A cardpunch was used to cut 6-mm diameter discs from the blood-impregnated filter paper blood spots, halfway between the center and the edge of the blood spot. These spots were eluted overnight in 250 μL of autoclaved PBS at 37°C. Saturated discs were equivalent to a 1:25 dilution of serum (calculated using the method of Fenollar and Raoult14). Eluted samples were serially diluted in sterile PBS to 1:12,800. Eluted samples were stored at −80°C. The same procedures were used with serum and filter paper samples stored in the refrigerator and the incubator for 30 days. The 14-day convalescent phase serum sample and the 30-day storage blood spots were tested on the same day. The IFA slides were read with an ECLIPSE E600 microscope (Nikon Co., Tokyo, Japan) by two observers (RP and SDB) who were blinded to the other’s results.

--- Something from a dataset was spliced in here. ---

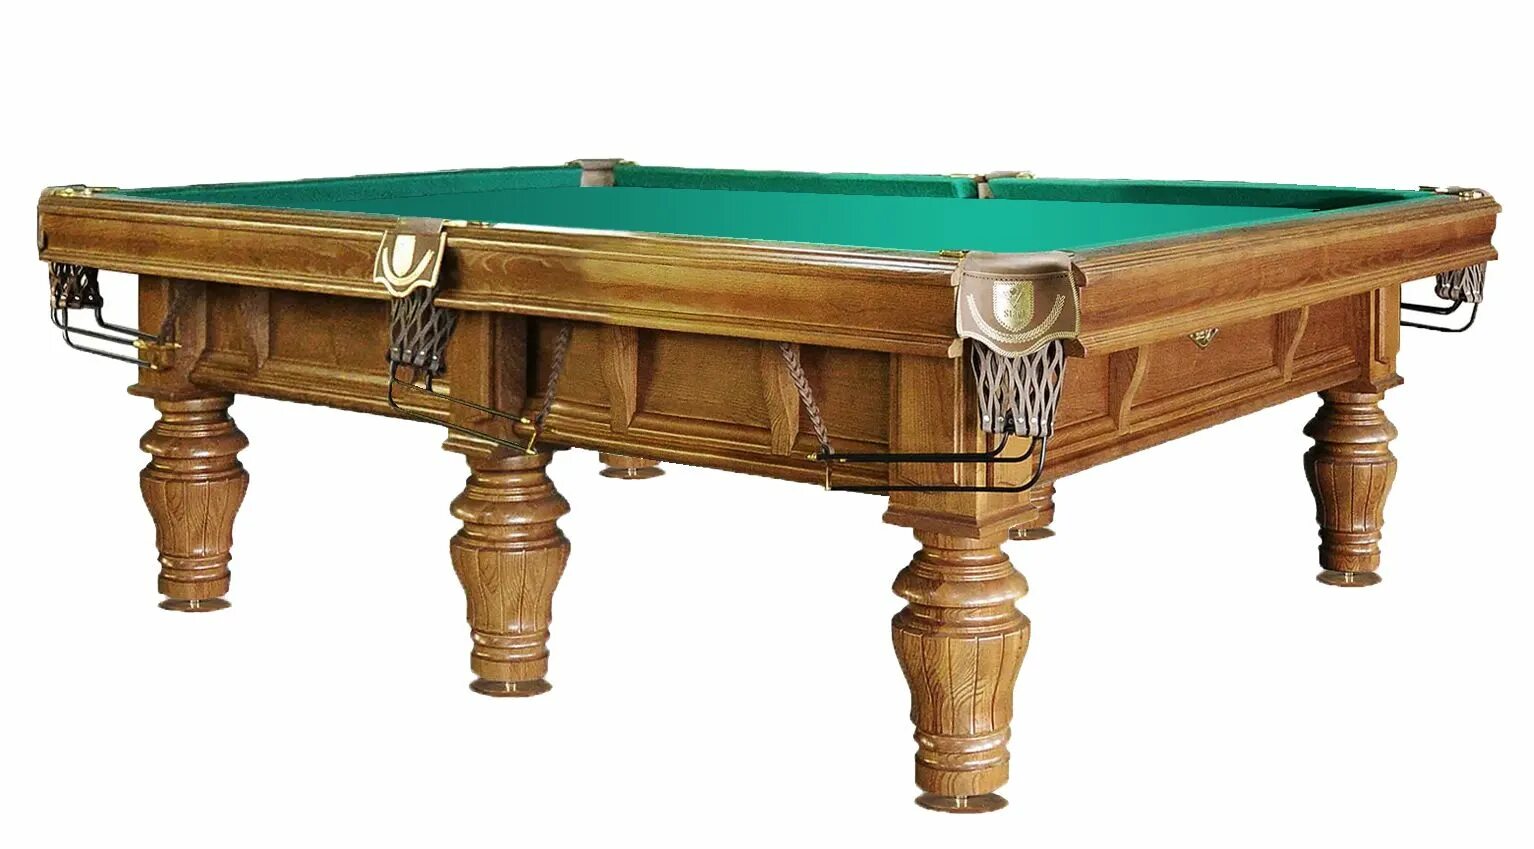 Бильярдный стол 4 фута bm003. Бильярдный стол Billiard-Ball 9 футов (пул). Бильярдный стол ”Камелот” пул. Бильярдный стол спб

There is considerable cross-reactivity between R. typhi and R. prowazekii, 5 but R. prowazekii has not been reported in mainland Southeast Asia, and cross-absorption and Western blot studies confirmed that the serologic responses in patients in Laos were to R. typhi.1 The end point of each IFA titer was defined as the lowest serum concentration demonstrating definite fluorescence. A positive result was defined as an IgM or IgG titer ≥ 1:400 or a four-fold increase in titer.15

Statistical analysis

Analysis was performed using STATA version 8 (STATA Corp., College Station, TX). Categorical variables were compared using McNemar’s test. The Kappa test was performed and interpreted according to the procedure of Landis and Koch.16 Sensitivity, specificity, negative predictive value, and positive predictive value were calculated.

Results

Patients

Fifty-three adults with clinically suspected typhus were recruited. Analysis of admission-phase and convalescent-phase serum samples by IFA indicated that 23 (43%) patients had murine typhus and 15 patients (28%) had scrub typhus. Seven patients (13%) without serologic evidence of typhus had blood cultures positive for Salmonella enterica serovar Typhi. No etiologic diagnosis was made in 8 (15%) patients. Of 23 patients with murine typhus, the median (range) age was 24 (15–46) years, duration of illness was 13.5 (7–21) days, and admission tympanic temperature was 38.5°C (36.0–40.0°C). The equivalent results for those with scrub typhus were 26.5 (17–54) years, 14.5 (9–21) days, and 38.3°C (36.0–40.0°C). A history of fever, headache, myalgia, and rash were present in 100%, 100%, 61%, and 13% of those with murine typhus, respectively, and 100%, 100%, 60%, and 6% of those with scrub typhus, respectively.

Inter-observer agreement

Kappa statistics for IFA detection of IgM and IgG antibodies against R. typhi and O. tsutsugamushi between the two IFA readers for admission-phase serum samples and filter paper samples (Table 1) were classified as fair or moderate agreement.16 Because one of the IFA readers (SDB) had more experience in reading IFA results, his results were used in the subsequent analysis.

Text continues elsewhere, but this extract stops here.